[gpfsug-discuss] GPFS Independent Fileset Limit

Jake Carroll jake.carroll at uq.edu.au
Sat Aug 11 03:18:28 BST 2018


Just to chime in on this...

We have experienced a lot of problems as a result of the independent fileset limitation @ 1000. We have a very large campus wide deployment that relies upon filesets for collection management of large (and small) scientific data outputs. Every human who uses our GPFS AFM fabric gets a "collection", which is an independent fileset. Some may say this was an unwise design choice - but it was deliberate and related to security, namespace and inode isolation. It is a considered decision. Just not considered _enough_ given the 1000 fileset limit ;).

We've even had to go as far as re-organising entire filesystems (splitting things apart) to sacrifice performance (less spindles for the filesets on top of a filesystem) to work around it - and sometimes spill into entirely new arrays.

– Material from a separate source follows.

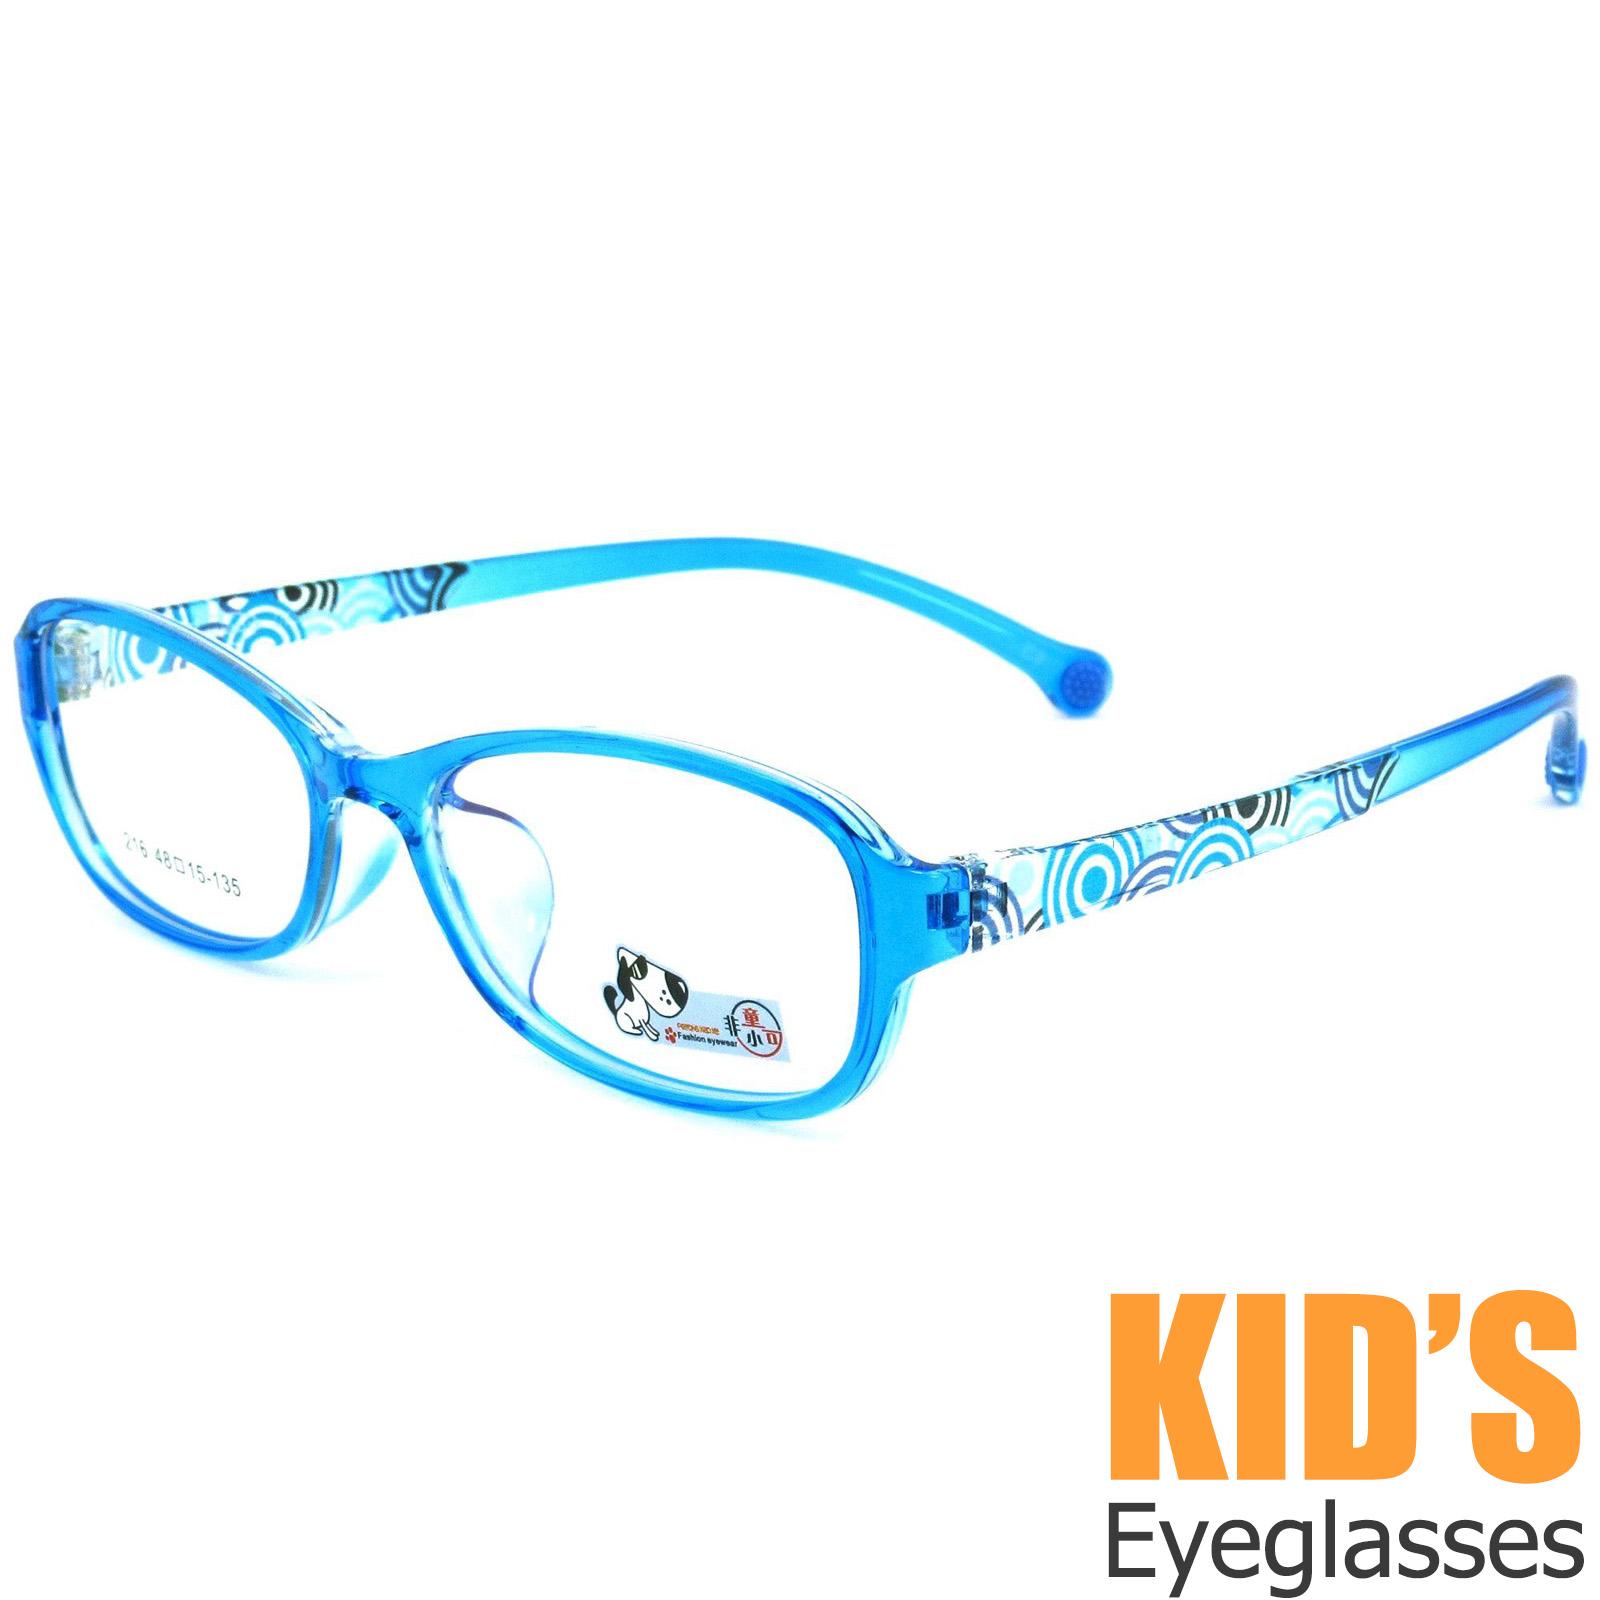 แว่นตาเกาหลีเด็ก Fashion Korea Children แว่นตาเด็ก รุ่น 216 สีฟ้ากรอบใส กรอบแว่นตาเด็ก Pillow ทรงวงรียาว Eyeglass baby frame ( สำหรับตัดเลนส์ ) วัสดุ PC เบา ขาข้อต่อ Kid leg joints Plastic Grade A material Eyewear Top Glasses

I've had it explained to me by internal IBM staff *why* it is hard to fix the fileset limits - and it isn't as straightforward as people think - especially in our case where each fileset is an AFM cache/home relationship - but we desperately need a solution. We logged an RFE. Hopefully others do, also.

The complexity has been explained to me by a very good colleague who has helped us a great deal inside IBM (name withheld to protect the innocent) as a knock on effect of the computational overhead and expense of things _associated_ with independent filesets, like recursing a snapshot tree. So - it really isn't as simple as things appear on the surface - but it doesn't mean we shouldn't try to fix it, I suppose!

We'd love to see this improved, too - as it's currently making things difficult.

Happy to collaborate and work together on this, as always.

-jc

----------------------------------------------------------------------

Message: 1
Date: Fri, 10 Aug 2018 11:22:23 -0400
From: Doug Johnson <djohnson at osc.edu>

Hi all,

I want to chime in because this is precisely what we have done at OSC due to the same motivations Janell described.  Our design was based in part on the guidelines in the "Petascale Data Protection" white paper from IBM.  We only have ~200 filesets and 250M inodes today, but expect to grow.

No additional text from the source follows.